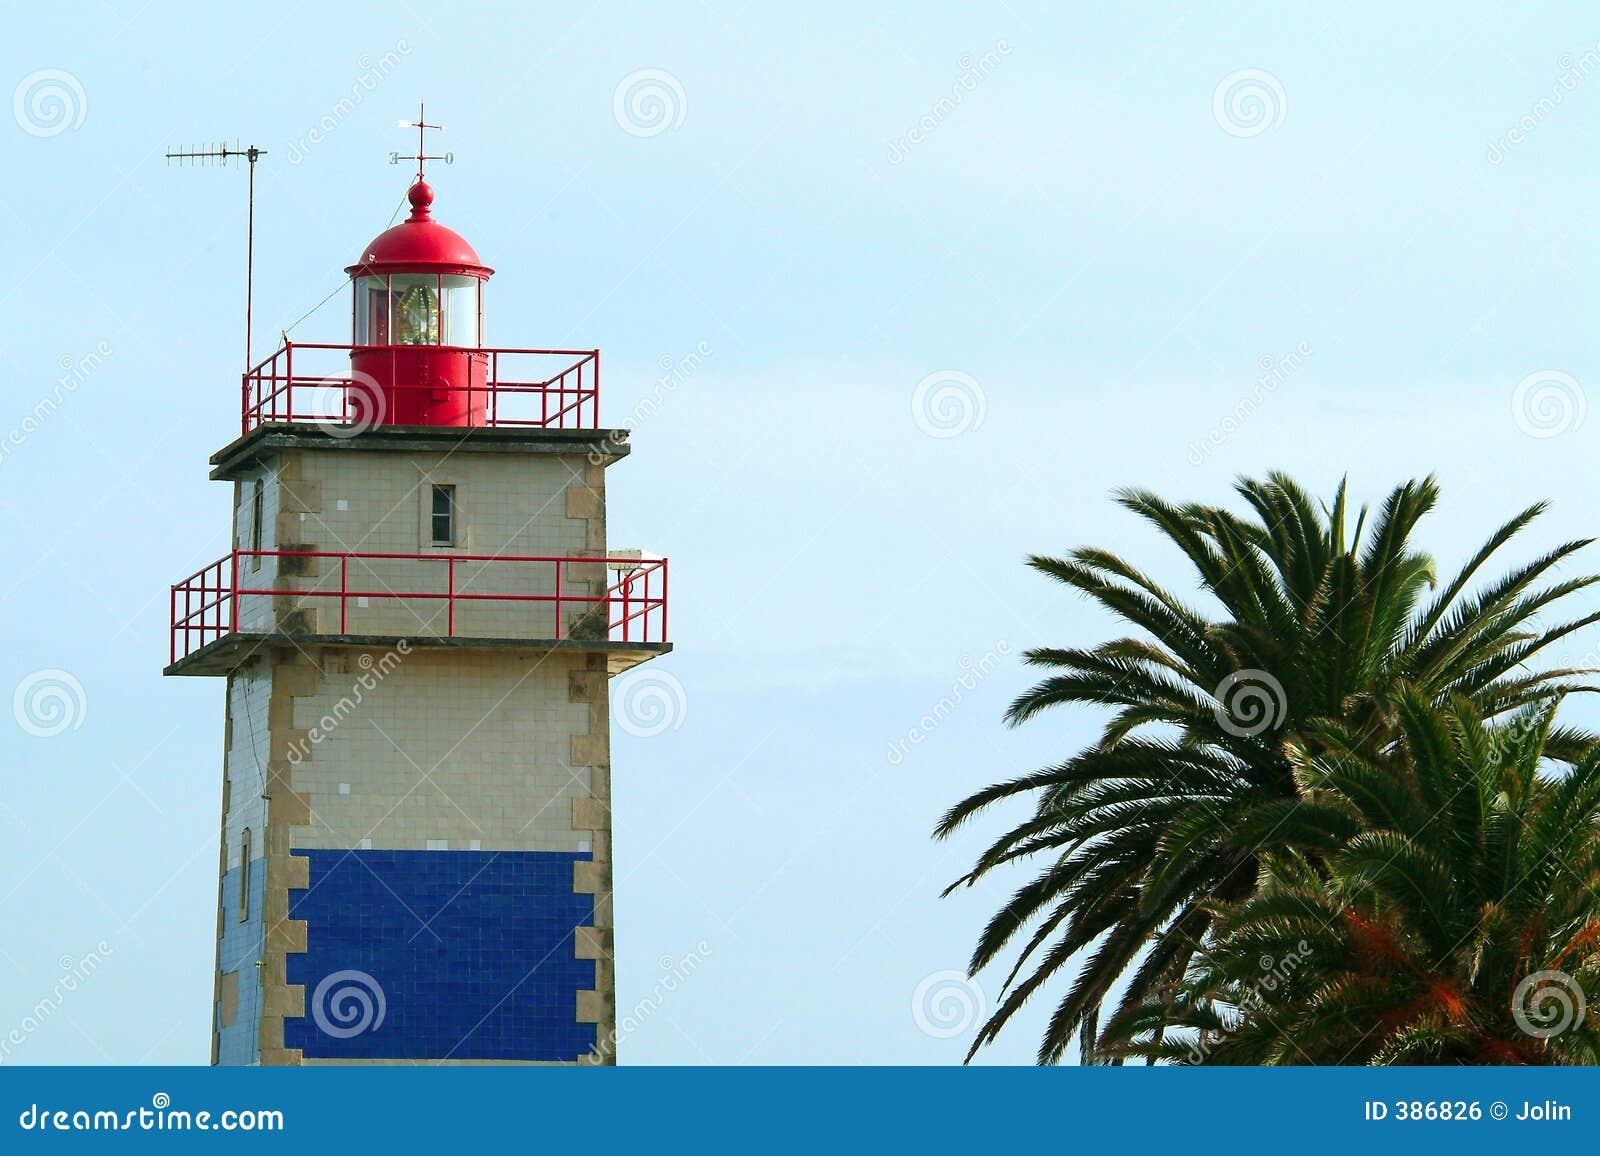 Lighthouse palm
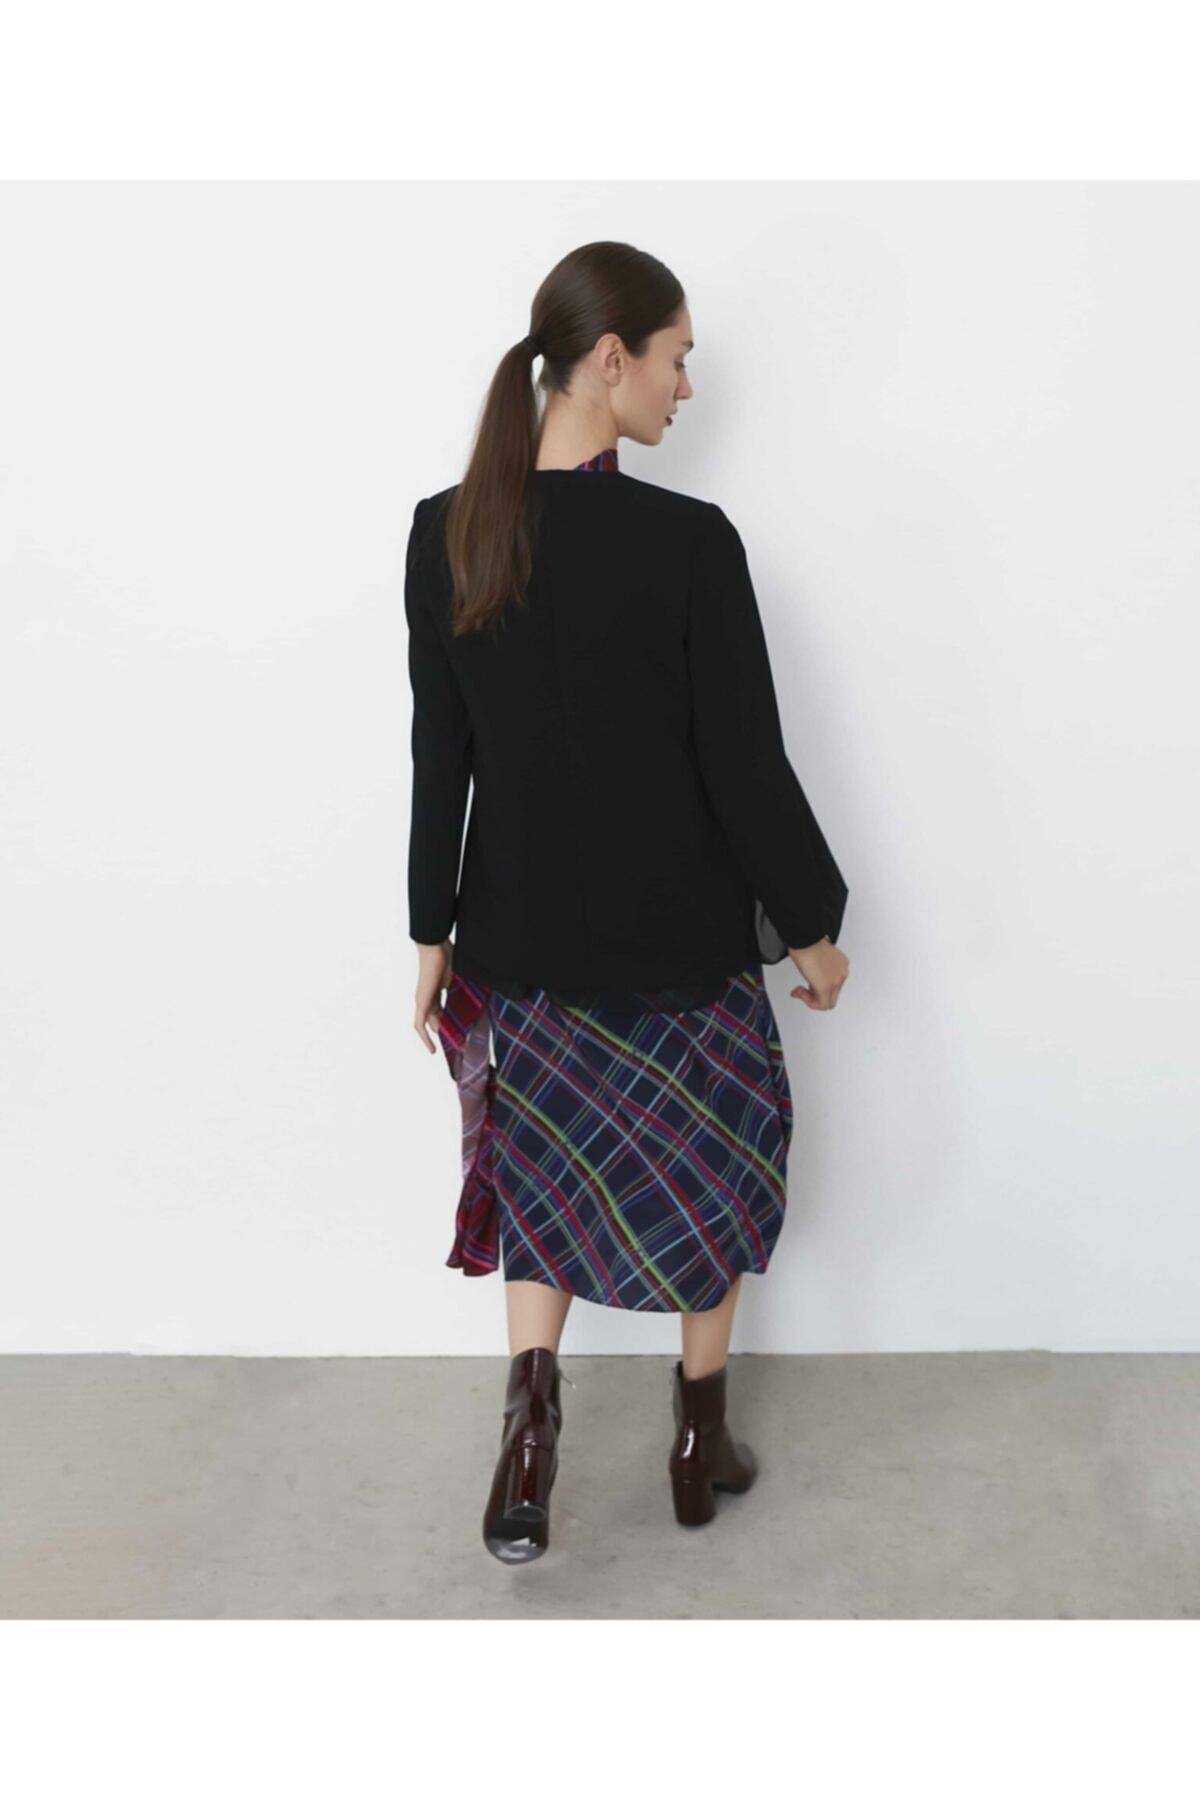 İpekyol Kadın Siyah Şifon Mixli Ceket IW6190005075001 2
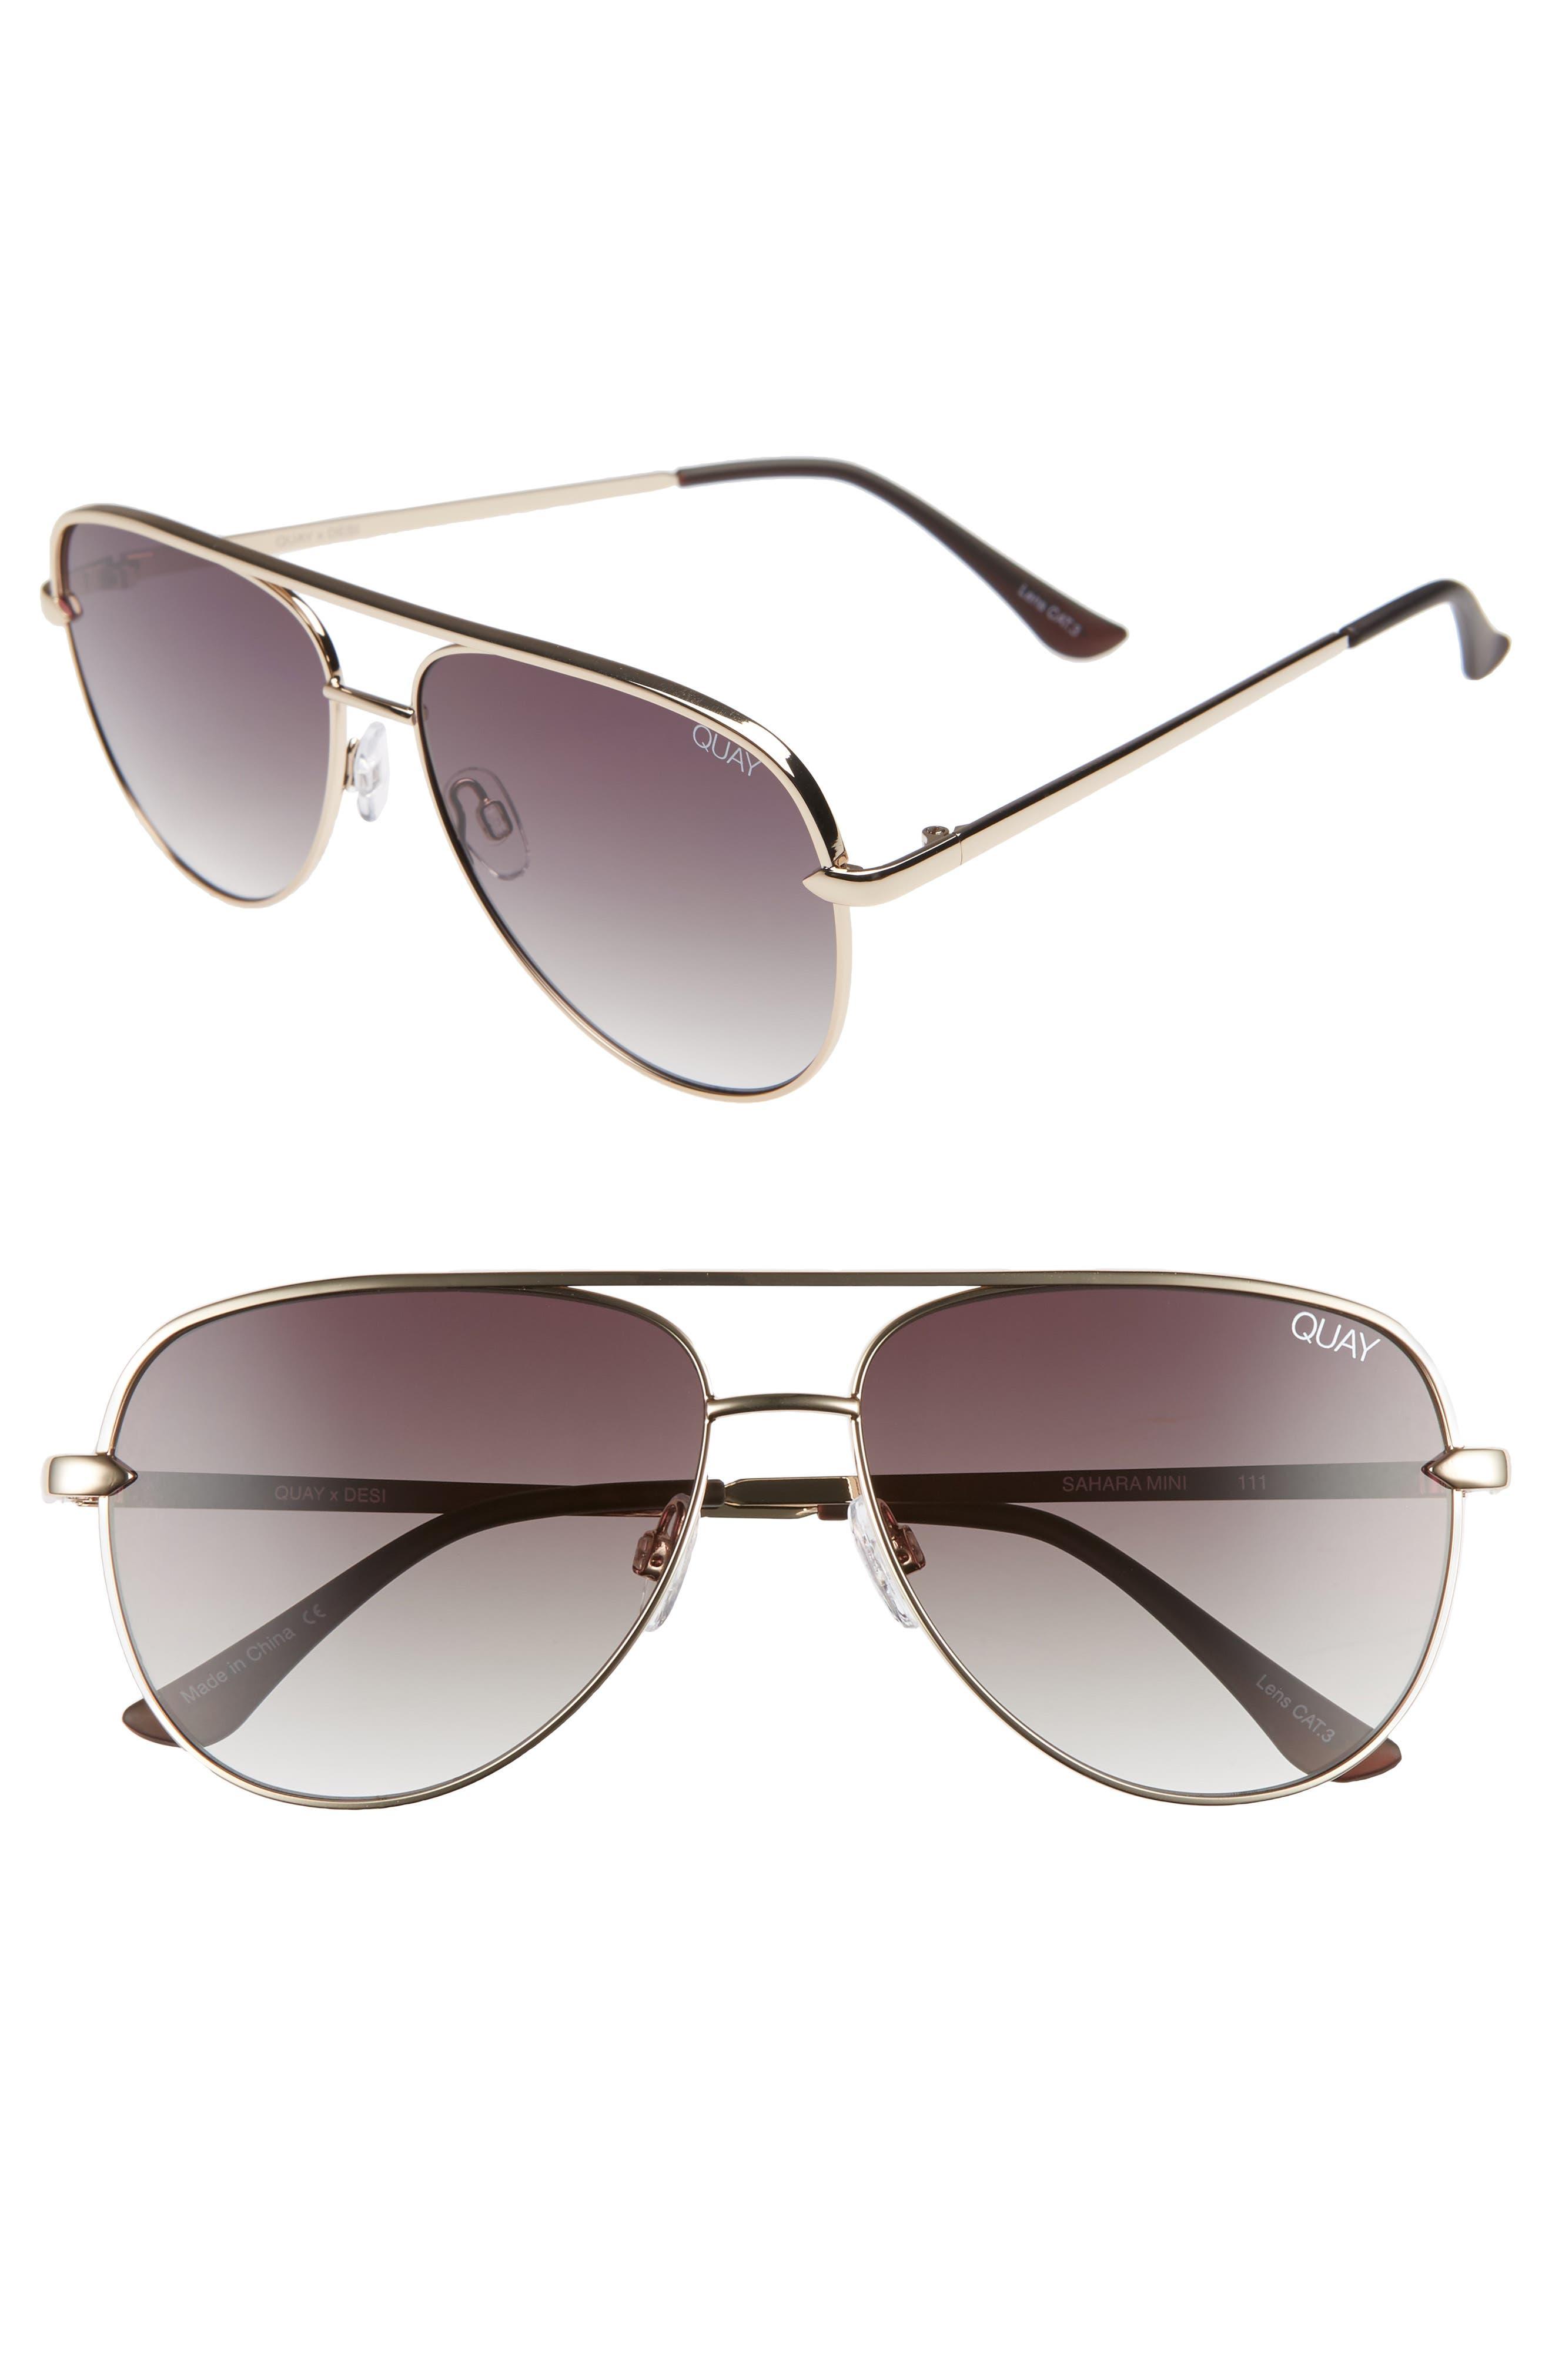 QUAY X Desi Perkins Sahara Mini 52Mm Aviator Sunglasses - Gold/ Smoke Taupe

* Task statement
Copy the listing verbatim, omitting images.

* Task output
 Lighthouse palm
 İpekyol Kadın Siyah Şifon Mixli Ceket IW6190005075001 2
 QUAY X Desi Perkins Sahara Mini 52Mm Aviator Sunglasses - Gold/ Smoke Taupe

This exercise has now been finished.